Сидор Артемьевич тут же передал дар женщины Михаилу Ивановичу Павловскому, своему помощнику по хозяйственной части, как это и было принято в соединении.
— Понял, что к чему, Михаил?
— Как не понять, — откликнулся Павловский. — От сердца это… И притом такого, в котором любви к Родине не меньше, чем у всех нас, воюющих… — задумчиво добавил комиссар.
— Вот-вот! — кивнул Дед на рудневские слова. — Оно самое!
И надо же такому случиться — как раз в эту минуту один из хлопцев произнес:
— Живем, ей-богу, как при коммунизме! Судите сами, ни тебе денег никаких, ни всяких там бюрократов… Благодать! Знай одно — лупи фрицев. Штаб, как положено, все подсчитает и запишет, а командир с комиссаром к награде представят. Житуха! Верно?
Высказывание было встречено гробовым молчанием. Оно словно придавило шутника. Он притих, сжался, предчувствуя недоброе. Ждать долго не пришлось. Ковпак не ответил, а буквально ударил словами:
— Вот какой ты, оказывается! А я и не знал… Спасибо, что научил. Буду теперь знать, какой у тебя коммунизм! Прямо скажу — никудышный… Я бы постыдился такой на людях выставлять. Идет война, люди гибнут, весь народ страдает… И это, по-твоему, коммунизм? Нашел чему радоваться. Коммунизм — это мир и счастье, труд, это плуг, а не автомат. Понял?

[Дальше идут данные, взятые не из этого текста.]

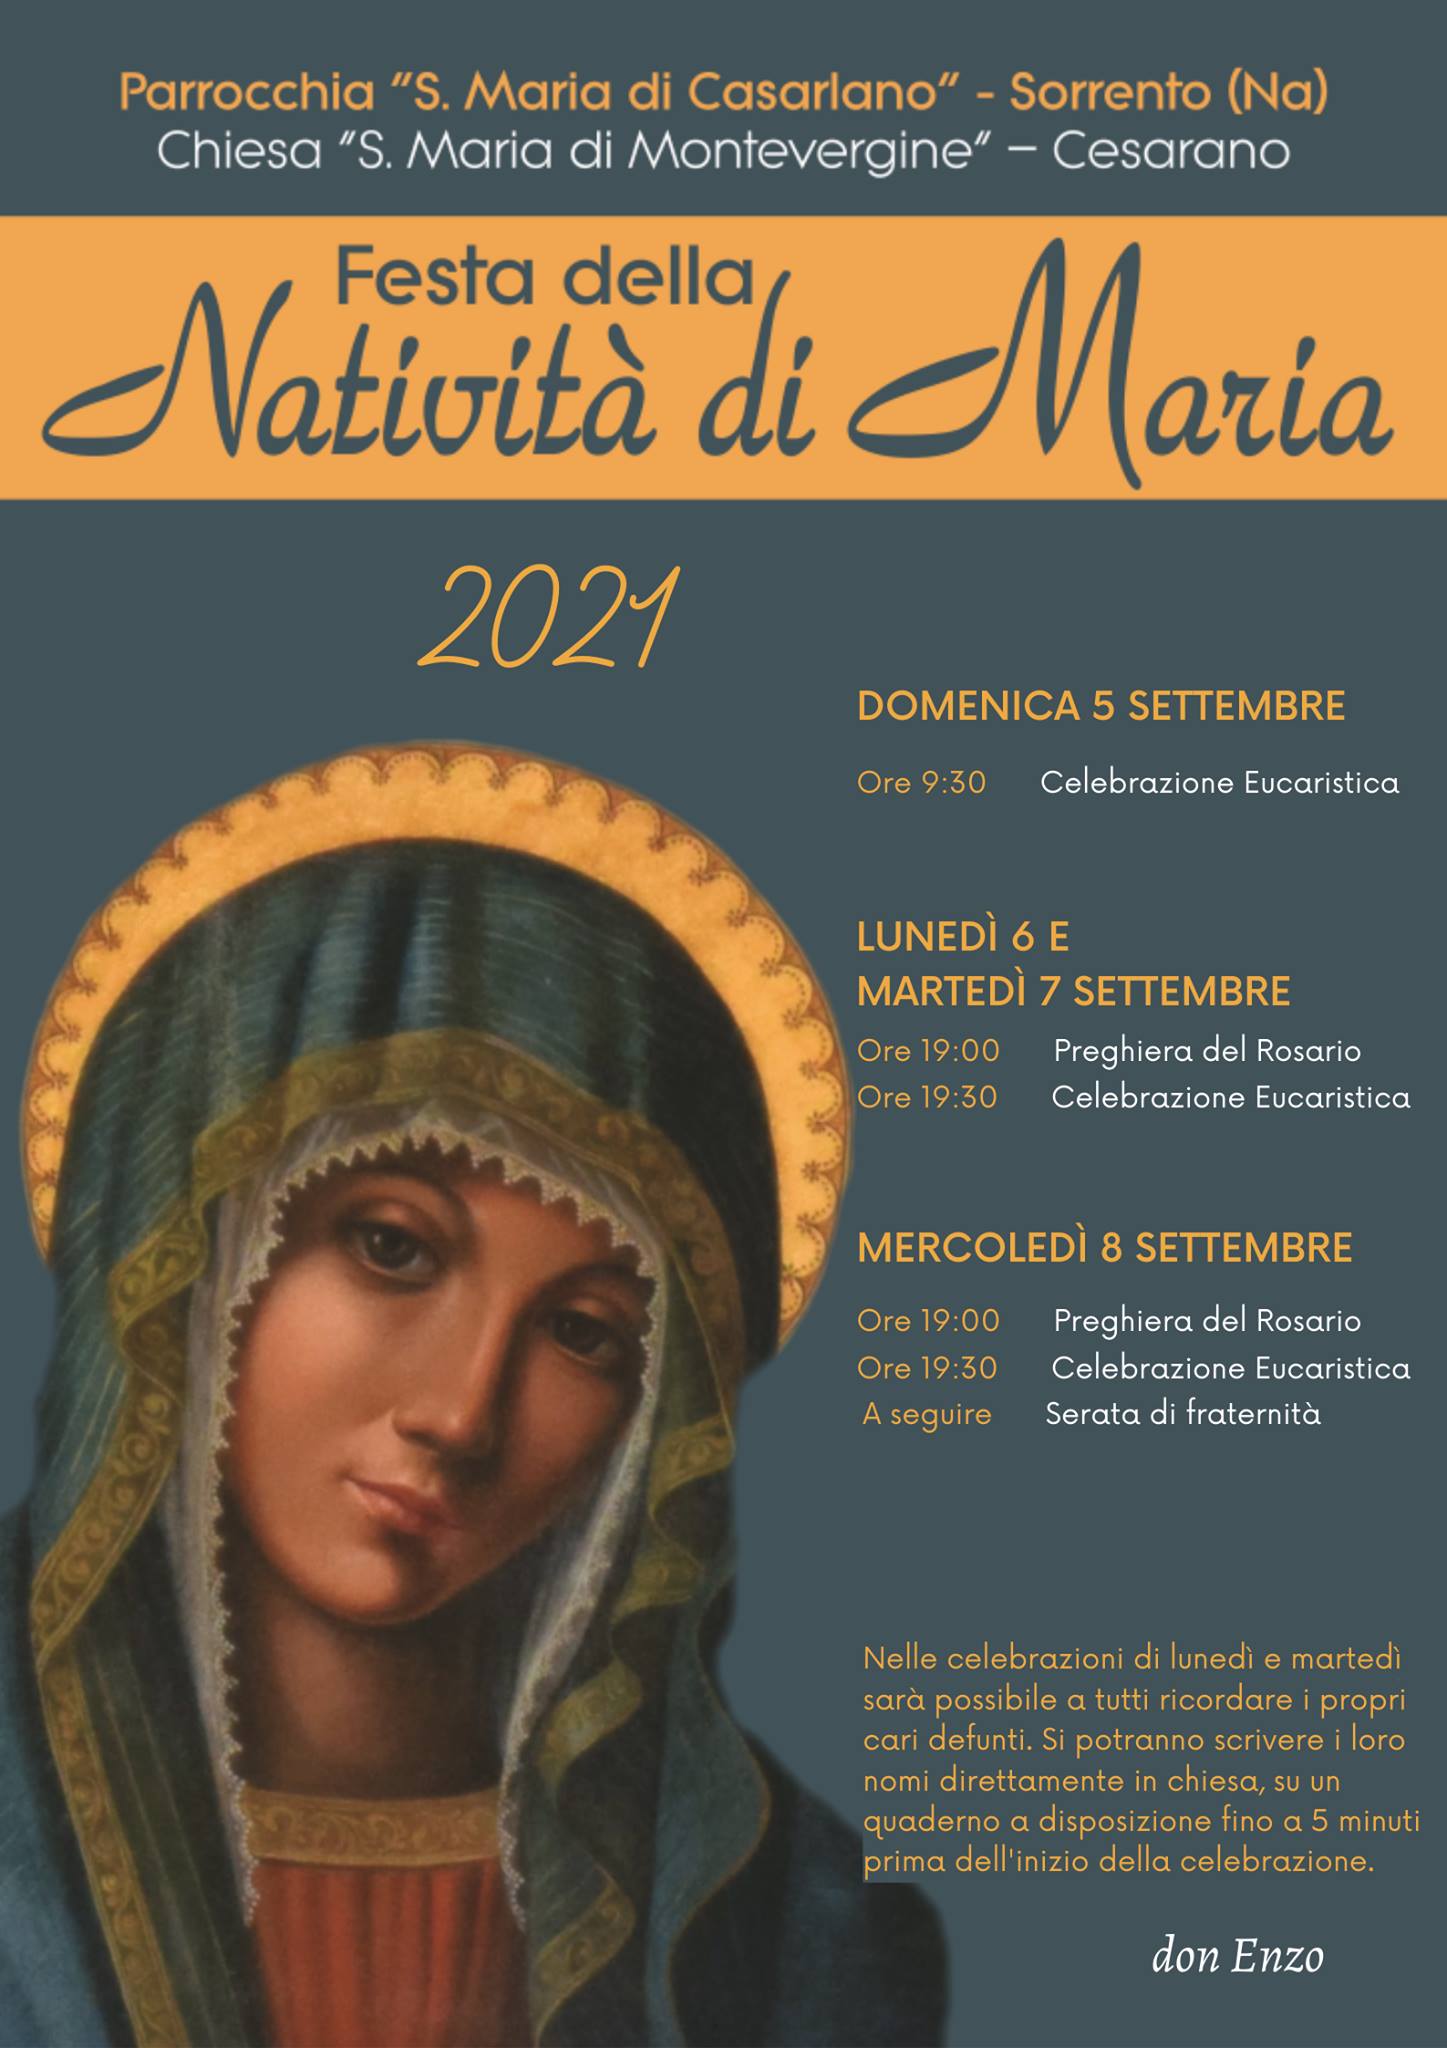 Festa della Natività di Maria - S. Maria di Montevergine - Cesarano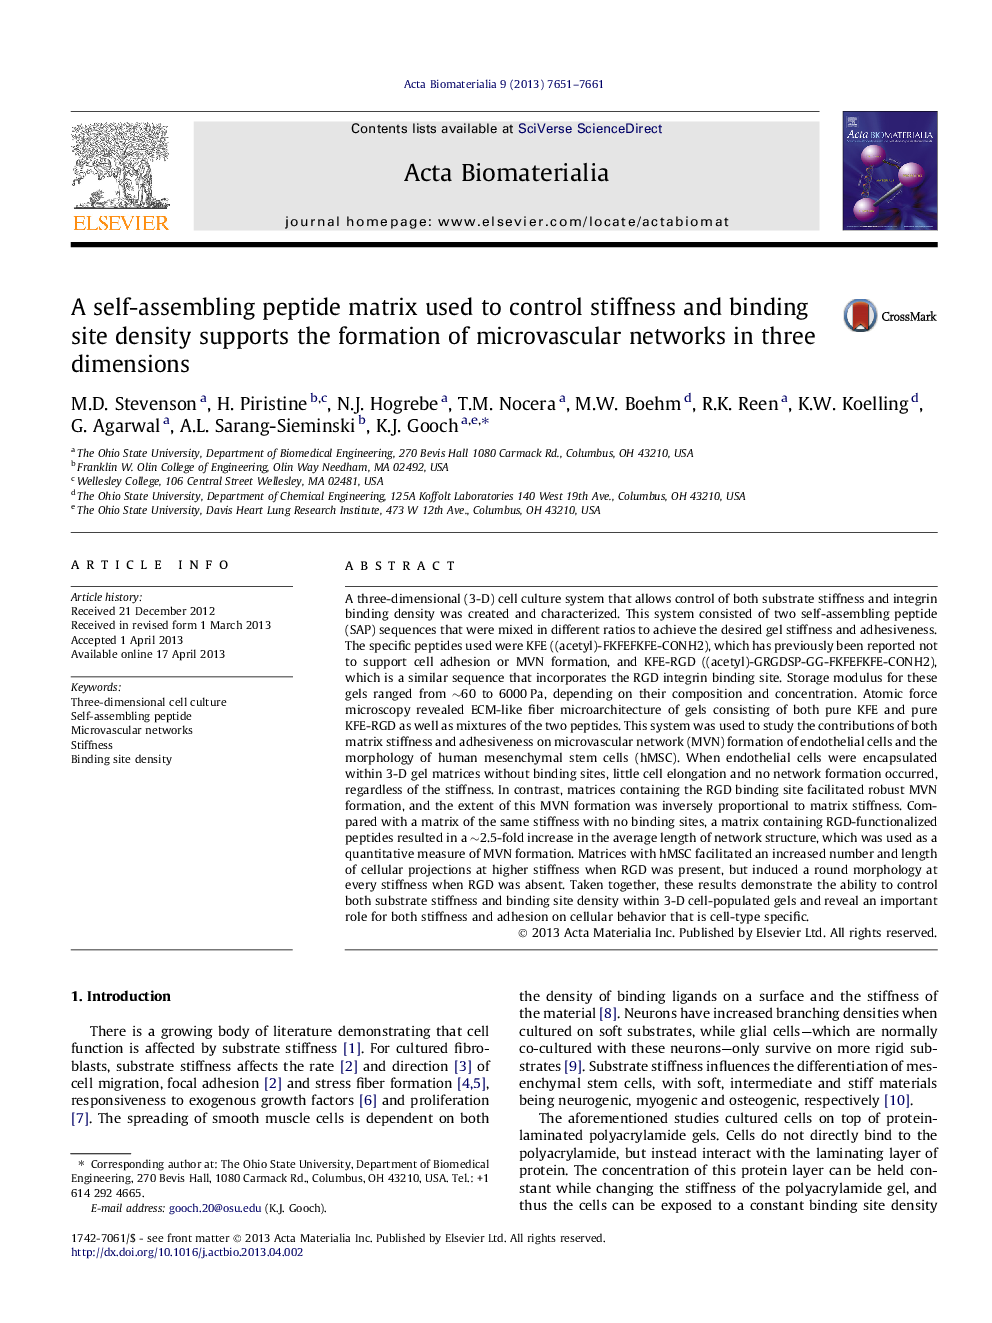 ماتریس پپتیدهای خودآموزی که برای کنترل سختی و چگالی محل اتصال استفاده می شود، از تشکیل شبکه های میکروکوزالی در سه بعد پشتیبانی می کند

Парень сгорал от стыда, стоя перед товарищами, перед Ковпаком, перед Рудневым. Перед теми, кто был совестью народа, его «апостолами». Стоял и молчал, потрясенный тем, во что обернулась его шутка. Еле нашел силы пробормотать:
— Простите, товарищ генерал. Понял я, каким дурнем себя перед людьми выставил. Слово даю боевое, что вовек вашей науки не забуду.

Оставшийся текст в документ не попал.